Over the course of the twentieth century the popular perception of America's giant corporations has undergone an astonishing change. Condemned as dangerous leviathans in the century's first decades, by 1945 major corporations had become respected, even revered, institutions. Roland Marchand's lavishly illustrated and carefully researched book tells how large companies such as AT&T and U.S. Steel created their own "souls" in order to reassure consumers and politicians that bigness posed no threat to democracy or American values.

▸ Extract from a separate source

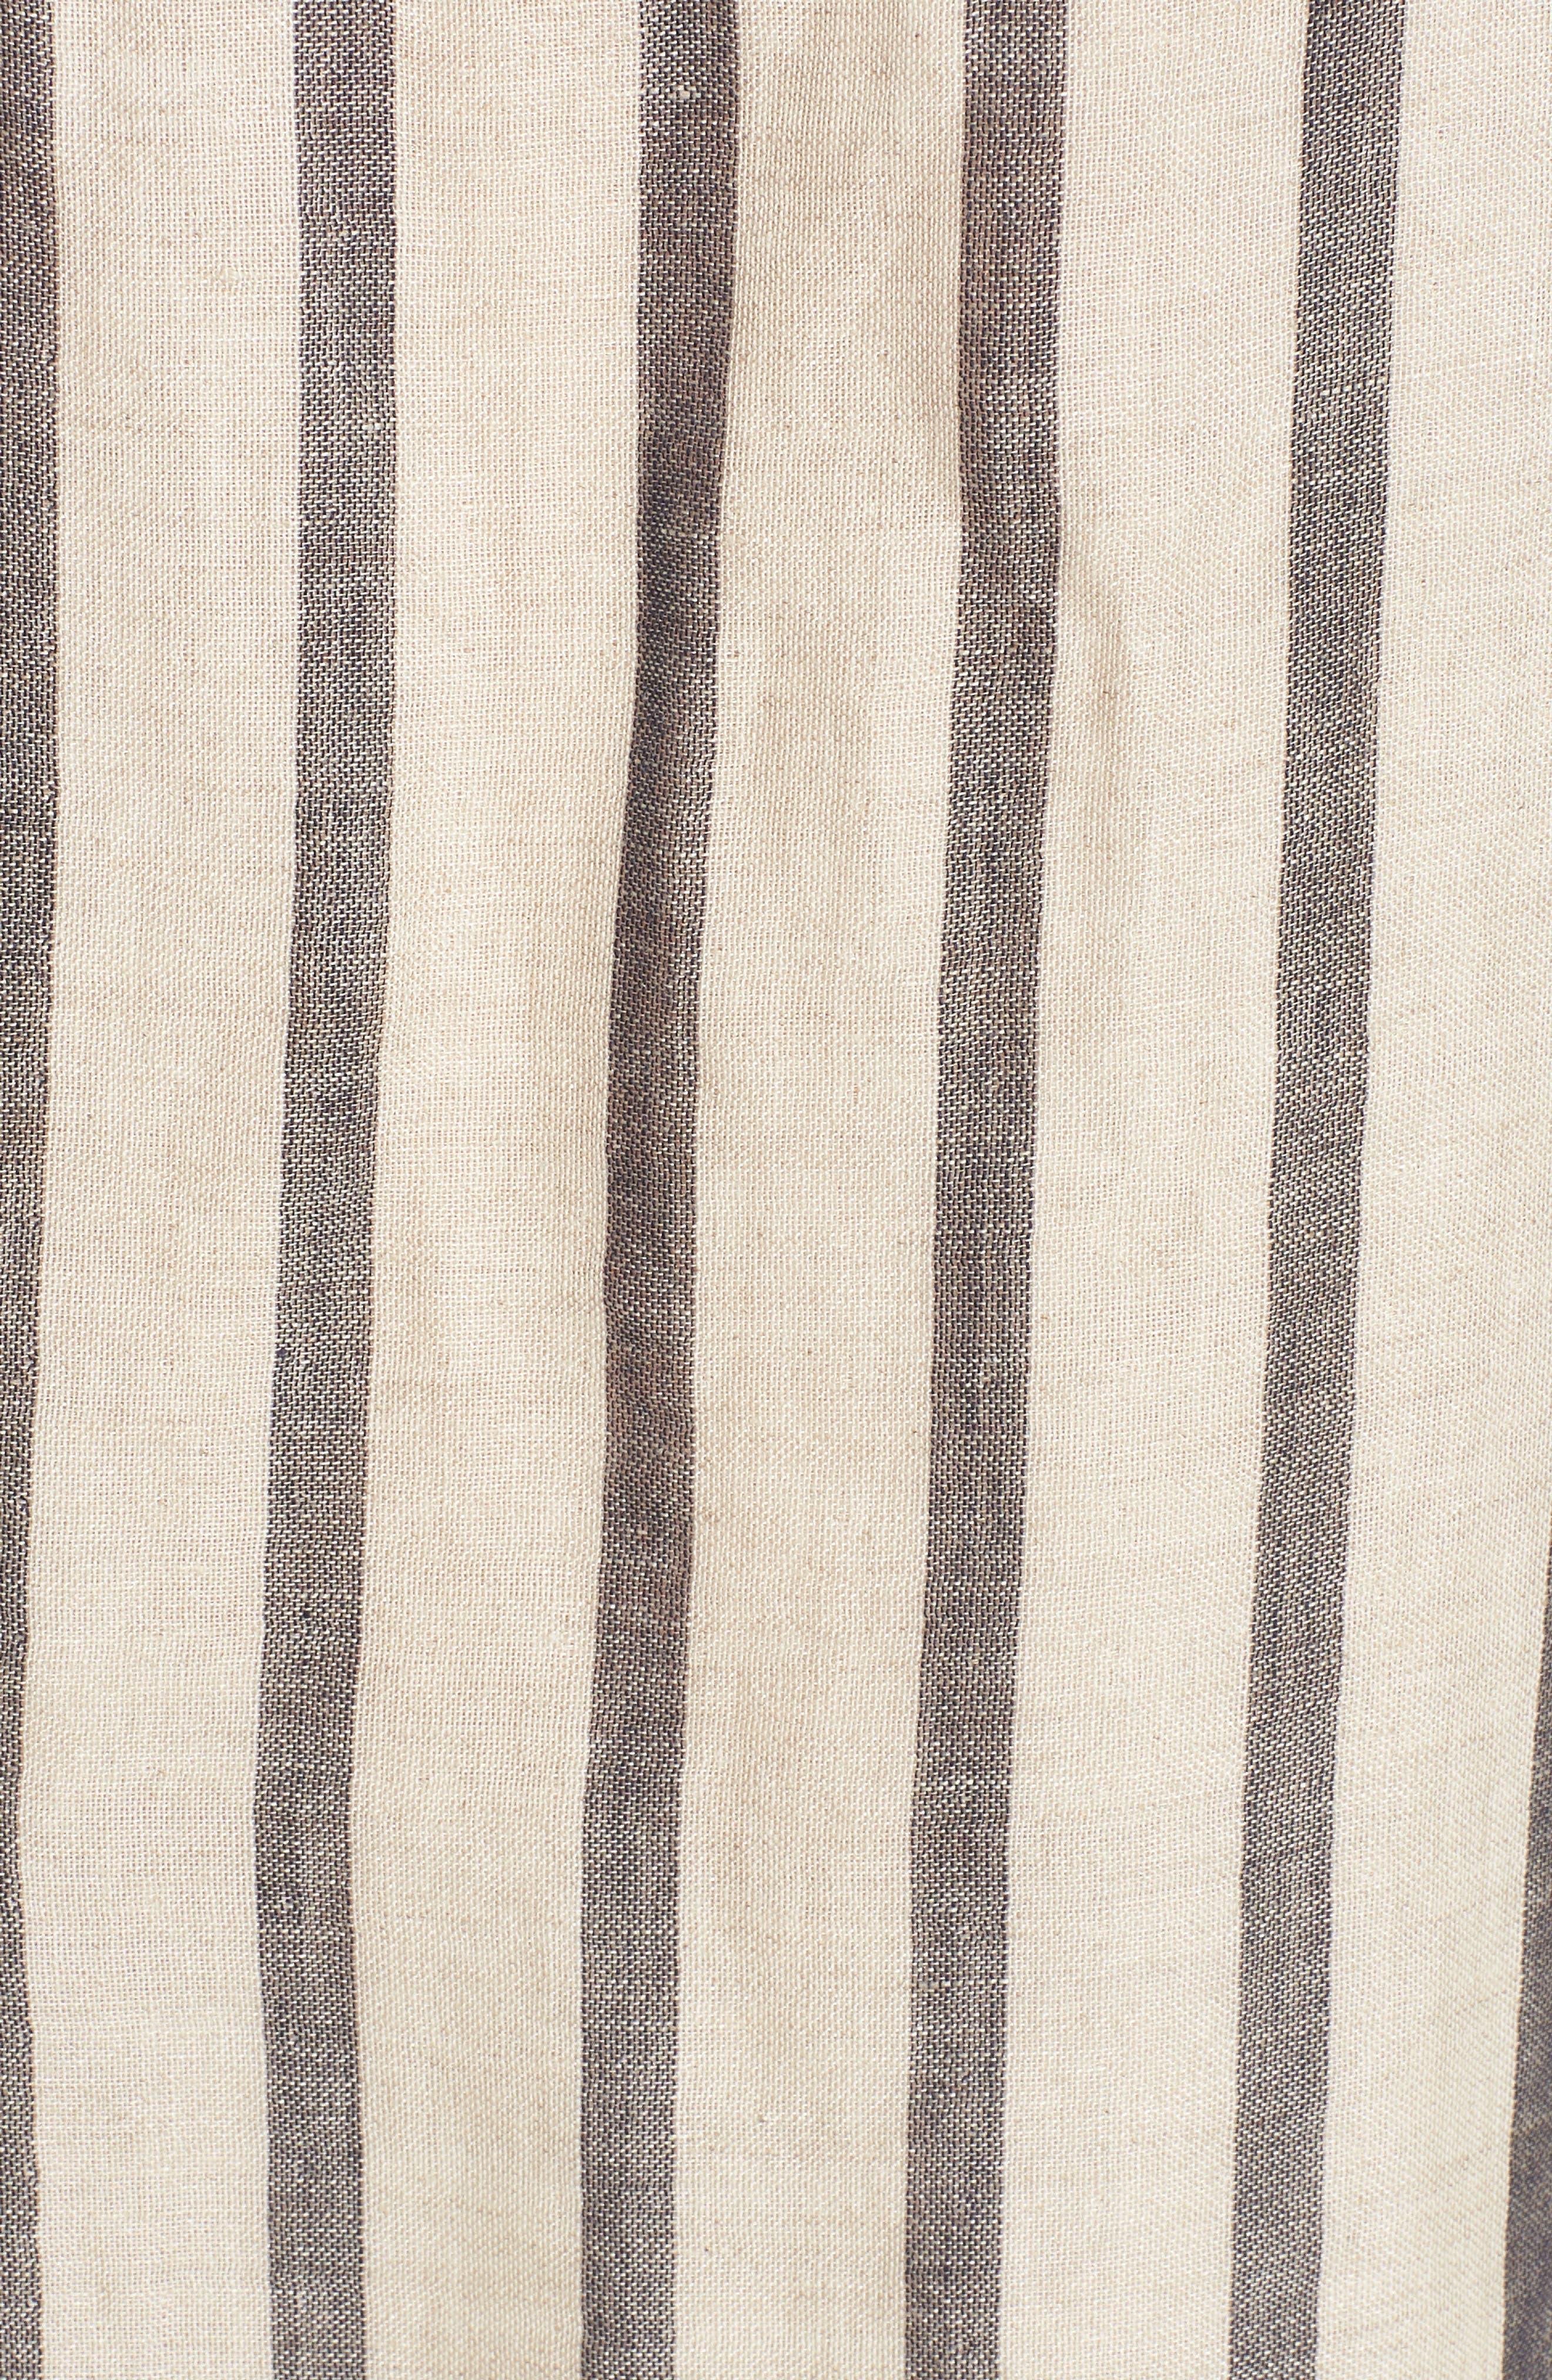 Stripe Linen & Cotton Shift Dress,                             Alternate thumbnail 5, color,                             257

Marchand traces this important transformation in the culture of capitalism by offering a series of case studies of such corporate giants as General Motors, General Electric, Metropolitan Life Insurance, and Du Pont Chemicals. Marchand examines the rhetorical and visual imagery developed by corporate leaders to win public approval and build their own internal corporate culture. In the "golden era" of the 1920s, companies boasted of their business statesmanship, but in the Depression years many of them turned in desperation to forms of public relations that strongly defended the capitalist system. During World War II public relations gained new prominence within corporate management as major companies linked themselves with Main-Street, small-town America. By the war's end, the corporation's image as a "good neighbor" had largely replaced that of the "soulless giant." American big business had succeeded in wrapping increasingly complex economic relationships in the comforting aura of familiarity.

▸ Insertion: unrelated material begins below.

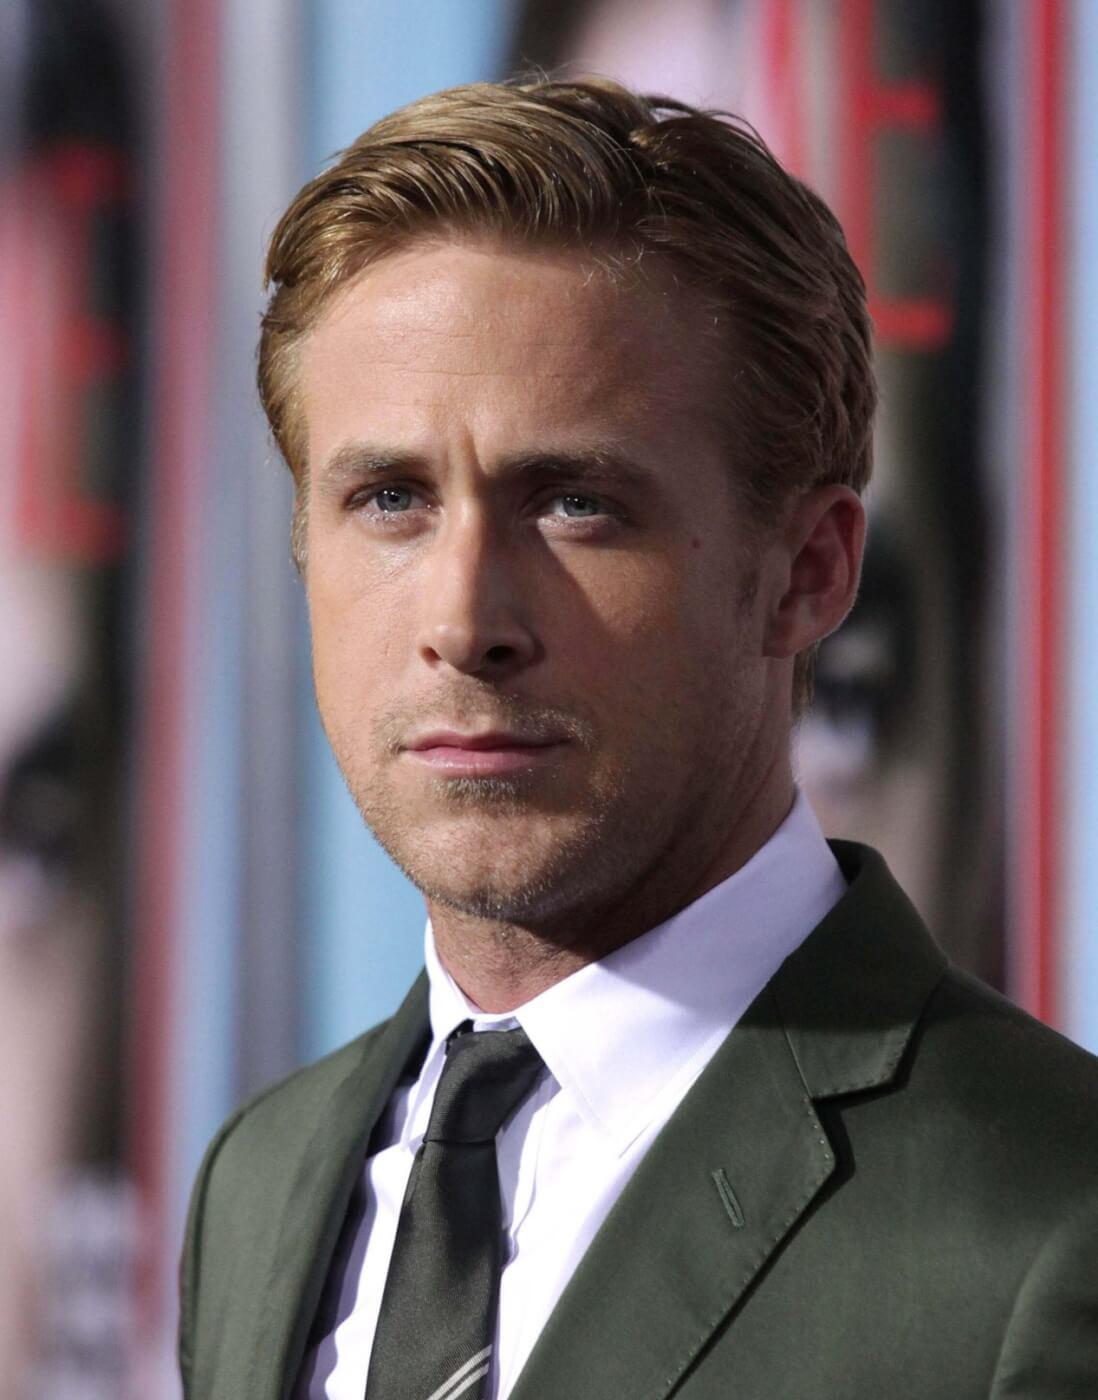 Ryan Gosling | Discography | Discogs

Marchand, author of the widely acclaimed Advertising the American Dream (1985), provides an elegant and convincing account of the origins and effects of the corporate imagery so ubiquitous in our world today.
Well documented history of how corporations learned to create images for public consumption
Published by Thriftbooks.com User , 19 years ago
This is an interesting work in business and cultural history. Roland Marchand documents the way corporations used (and developed) public relations to develop images of themselves in the public mind. This is really about the early decades and is quite fascinating. We see this today, certainly. For example, when some huge food conglomerate shows you some master chef each portion of the food they want you to buy, you are getting the same kind of treatment. It wouldn't do to show you the huge machines and food production lines that create these food products in vast quantities. No, they want you to think in terms of some impossibly personalized image. (Although recently I saw a television commerical for a breakfast cereal showing the machines making and packaging the food with some of the folks making it talking to the viewer about how great their product is.) While some may feel the author of the book is more hostile to corporations than is actually appropriate, I think he has done a fine job in presenting us with these historical images and insightful text that supports his thesis. I am certainly pro-business and conservative. However, I in no way want to pretend that corporations are caring and personal entities that have objects other than providing profits for their shareholders at heart. There are a great many philosophical issues that can be discussed about the duties of corporations, and I am willing to engage in those debates, but no one should mistake these entities for families or friends (or monsters or enemies, either). Corporations are artificial creations that we have created to provide goods and services efficiently and thereby returning profits to shareholders. This book documents how they create images that help them accomplish those purposes.